Use RDS to run MySQL/Postgres
I’m not as familiar with ElasticSearch / Cloudsearch, but obviously Cloudsearch will be less maintenance
+setup.
App Layer:
When creating the app layer from scratch, consider CloudFormation and/or OpsWorks. It’s extra stuff to learn,
but helps down the road.
Java+Tomcat is right up the alley of ElasticBeanstalk. (Basically EC2 + Autoscale + ELB).
Preventing Abuse: When you put something in a public S3 bucket, people will hot-link it from their web pages. If
you want to prevent that, your app on the EC2 box can generate signed links to S3 that expire in a few hours.

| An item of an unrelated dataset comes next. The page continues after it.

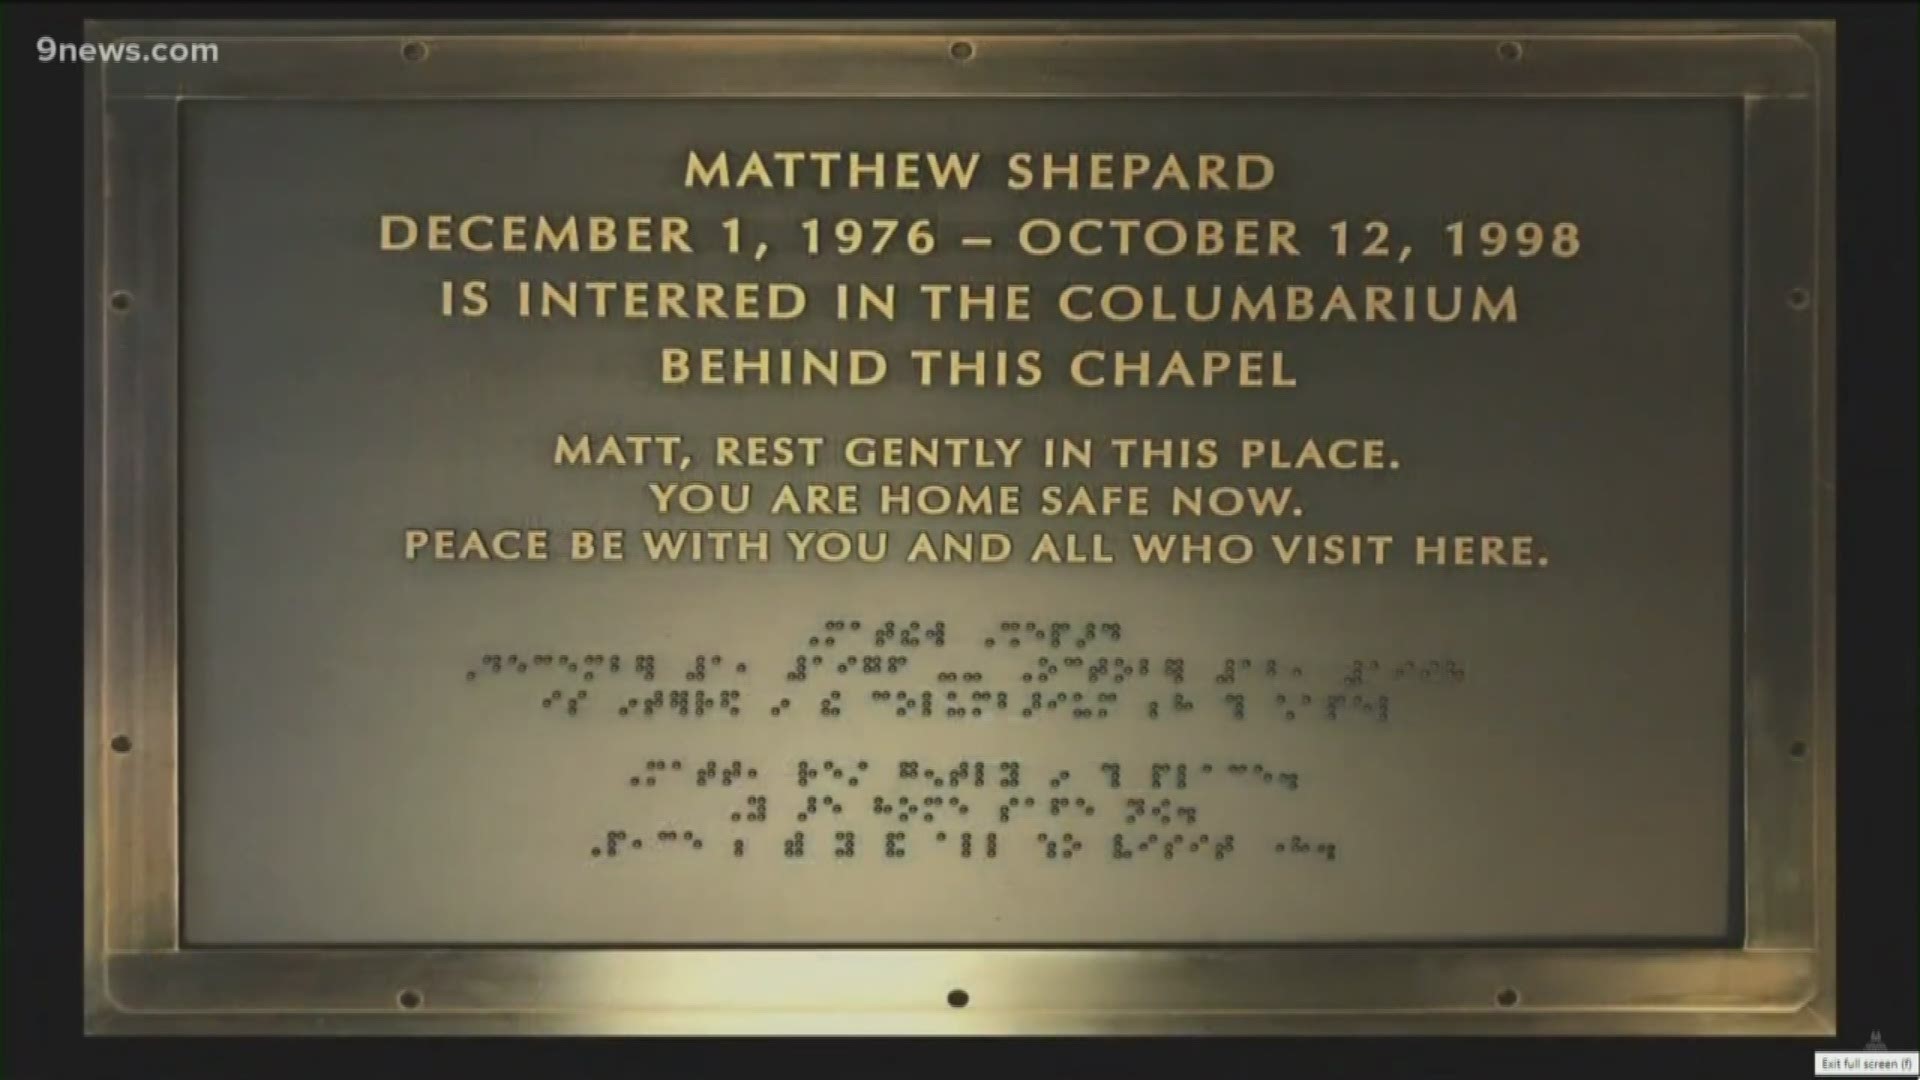 Matthew Shepard should have turned 43 on Dec. 1. Instead, he was brutally beaten and left to die in Laramie, Wyoming in 1998 -- targeted because he was gay.

Now everyone will be forced to go thru the app, and the app can apply rate limiting, etc.
Saving money: If you don’t mind having downtime:
run everything in one AZ (both DBs and EC2s). You can always add servers and AZs down the road, as long as
it’s architected to be stateless. In fact, you should use multiple regions if you want it to be really robust.
use Reduced Redundancy in S3 to save a few hundred bucks per month (Someone will have to “go fix it” every
time it breaks, including having an off-line copy to repair S3.)
Buy Reserved Instances on your EC2 boxes to make them cheaper. (Start with the RI market and buy a
partially used one to get started.) It’s just a coupon saying “if you run this type of box in this AZ, you will save on
the per-hour costs.” You can get 1/2 to 1/3 off easily.
Rewrite the application to use less memory and CPU – that way you can run on fewer/smaller boxes. (May or
may not be worth the investment.)
If your app will be used very infrequently, you will save a lot of money by using Lambda. I’d be worried that it
would be quite slow if you tried to run a Java application on it though.
We’re missing some information like load, latency expectations from search, indexing speed, size of the search
index, etc. But with what you’ve given us, I would go with S3 as the storage for the files (S3 rocks. It is really,
really awesome). If you’re stuck with the commercial search application, then on EC2 instances with
autoscaling and an ELB. If you are allowed an alternative search engine, Elasticsearch is probably your best
bet. I’d run it on EC2 instead of the AWS Elasticsearch service, as IMHO it’s not ready yet. Don’t autoscale
Elasticsearch automatically though, it’ll cause all sorts of issues. I have zero experience with CloudSearch so ic
an’t comment on that. Regardless of which option, I’d use CloudFormation for all of it.